Okay, I like the idea, so I read some more and then he mentions Isabel Fall. Becaue stuck inside this halfway house, I have not heard of this woman

If you don’t know the story, last week Emily VanDerWerff at Vox’s wrote an excellent and detailed article. Here’s the short version of the story, as I understand it: An unknown writer named Isabel Fall published a short story in Clarkesworld repurposing a right-wing meme about people identifying their gender as helicopters into a dystopian SF story that explores gender, violence, and militarism. Critiques of the story started to build online, perhaps initially from trans readers but quickly being taken up by cis writers—many of whom would later admit they never even read the story—and snowballed into a social media mob who declared the writer an anti-trans, anti-woman, right-wing bigot. 

The Vox piece was a bit more descriptive:

But first in Clarkesworld’s comments and then on Twitter, the combination of the story’s title and the relative lack of information about Fall began to fuel a growing paranoia around the story and its author.
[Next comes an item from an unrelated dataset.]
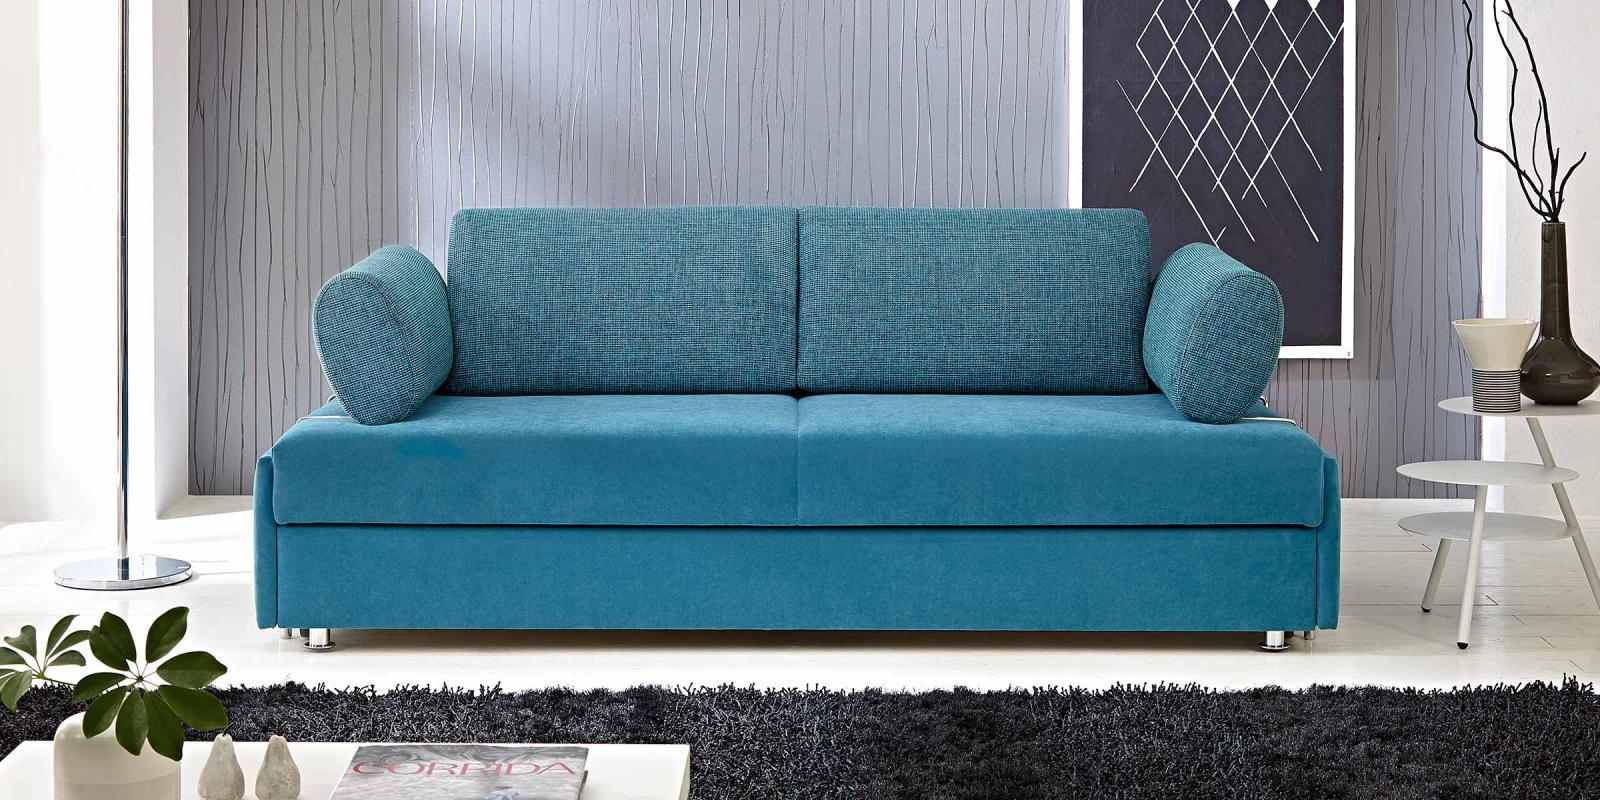 schlafsofa doppelbettsofa mit kaltschaumpolsterung zoom. Black Bedroom Furniture Sets. Home Design Ideas

The presence of trolls who seemed to take the story’s title at face value only added to that paranoia. And when read through the lens of “Isabel Fall is trolling everybody,” “Attack Helicopter” started to seem menacing to plenty of readers.

“Attack Helicopter” was a slippery, knotty piece of fiction that captured a particular trans feminine uncertainty better than almost anything I have ever read. Set in a nightmarish future in which the US military has co-opted gender to the degree that it turns recruits into literal weapons, it told the story of Barb, a pilot whose gender is “helicopter.” Together with Axis — Barb’s gunner, who was also assigned helicopter — Barb carried out various missions against assorted opposition forces who live within what is at present the United States.

Why is it that science fiction which is supposedly so interested in the future, a different and better future fo the the most part, has such ugliness to it?

Back to Michel's article for this:

This positions art not as a space of exploration, challenge, and mystery—not a doorway to new spaces where we can grow and change—but instead as a mirror to perfectly reflect one’s values back to oneself.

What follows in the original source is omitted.